• [TRY IT]
Your output should be the lines below from the one with "Wij staan er" through the one with "PANTONE 2757 C - Monochromatic Color Palette", copied exactly, pictures excluded.

• [EXCERPTED RECORDS]
>>>

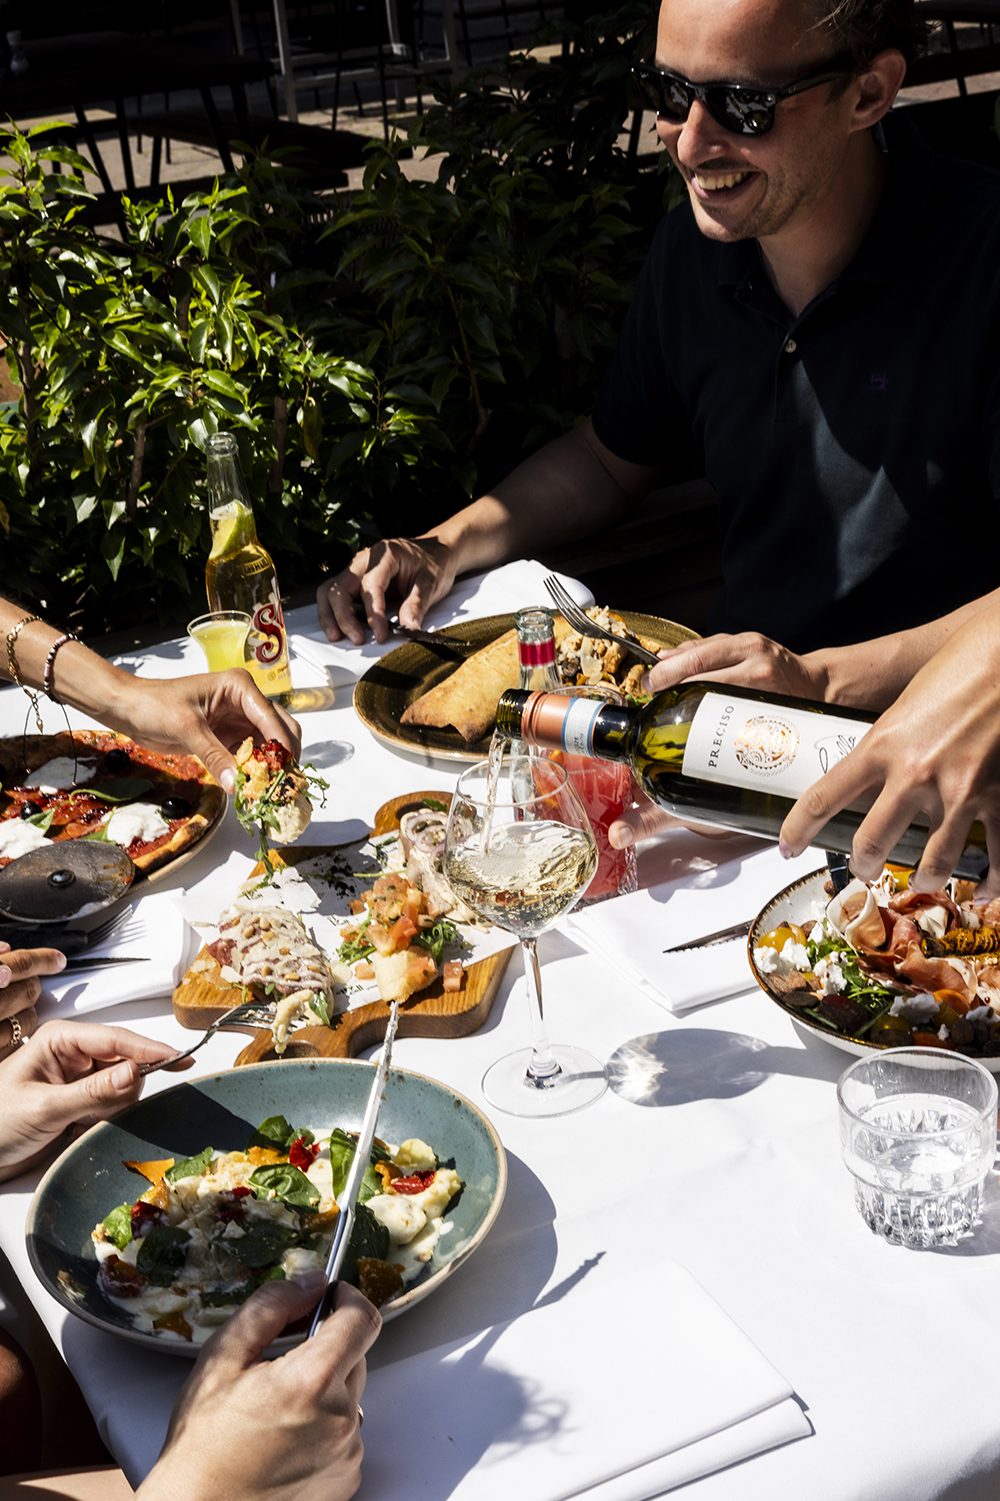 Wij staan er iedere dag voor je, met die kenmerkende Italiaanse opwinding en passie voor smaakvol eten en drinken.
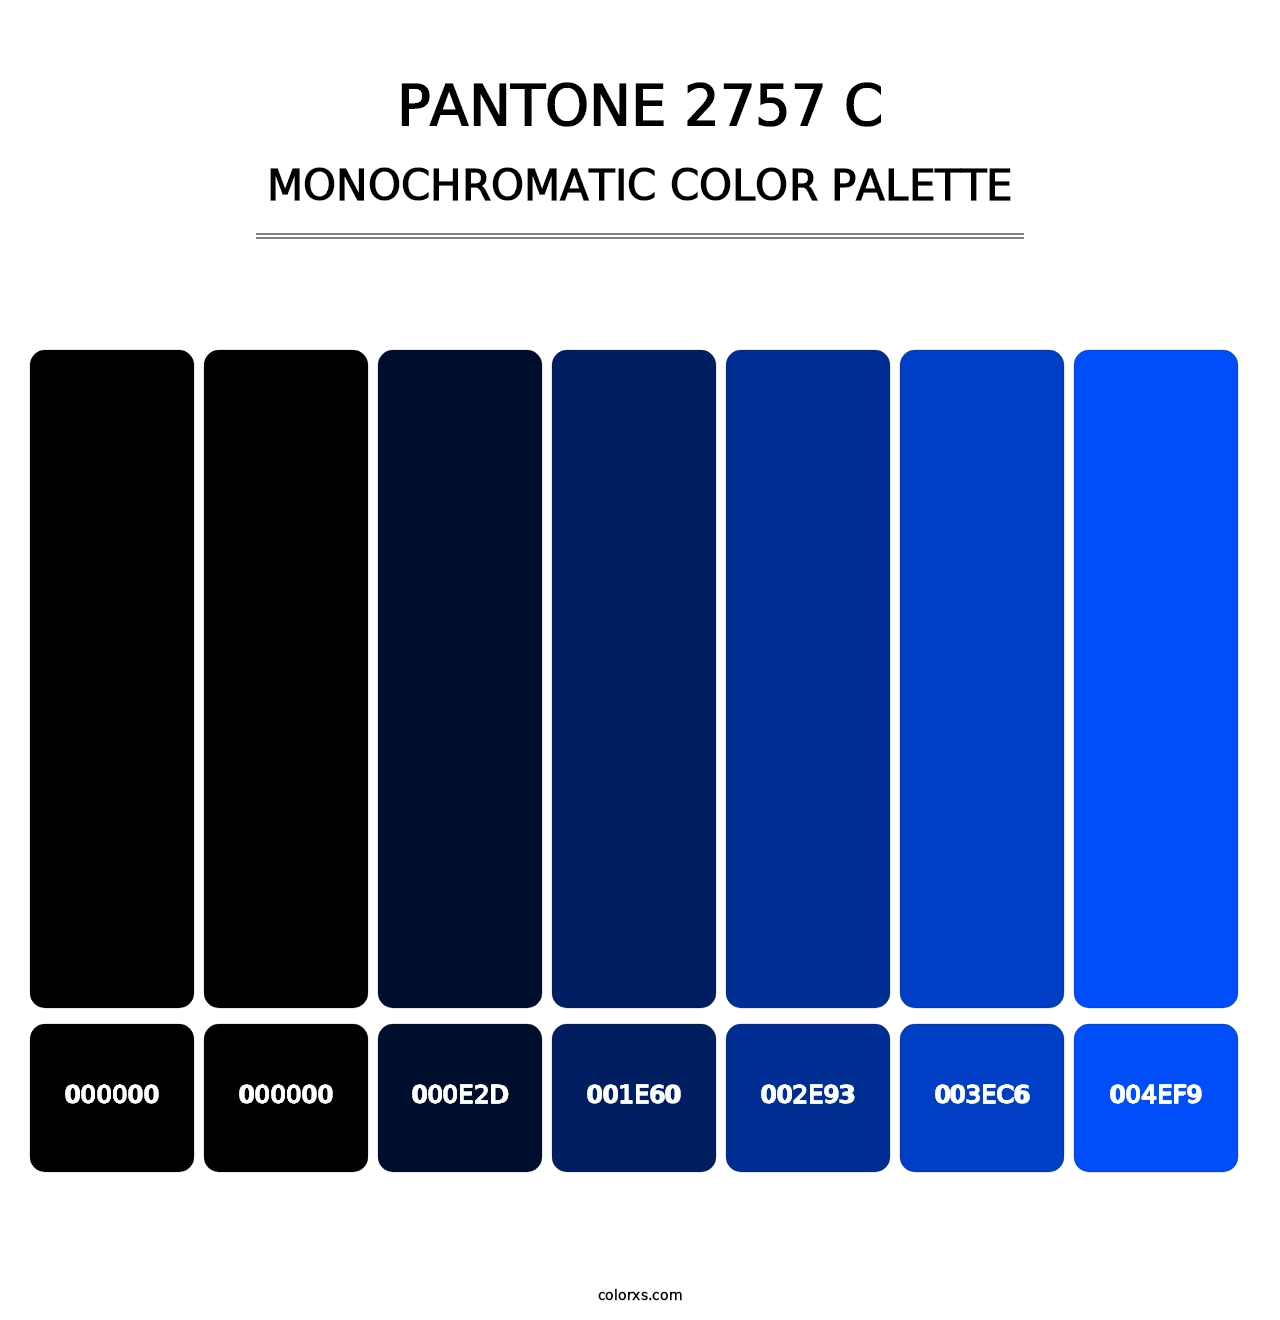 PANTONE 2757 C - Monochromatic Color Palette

<<<
>>>

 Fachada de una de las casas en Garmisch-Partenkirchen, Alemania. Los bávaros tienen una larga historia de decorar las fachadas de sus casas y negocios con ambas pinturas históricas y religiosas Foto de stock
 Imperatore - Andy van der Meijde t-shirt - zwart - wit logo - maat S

<<<

• [OUTPUT]
 Wij staan er iedere dag voor je, met die kenmerkende Italiaanse opwinding en passie voor smaakvol eten en drinken.
 PANTONE 2757 C - Monochromatic Color Palette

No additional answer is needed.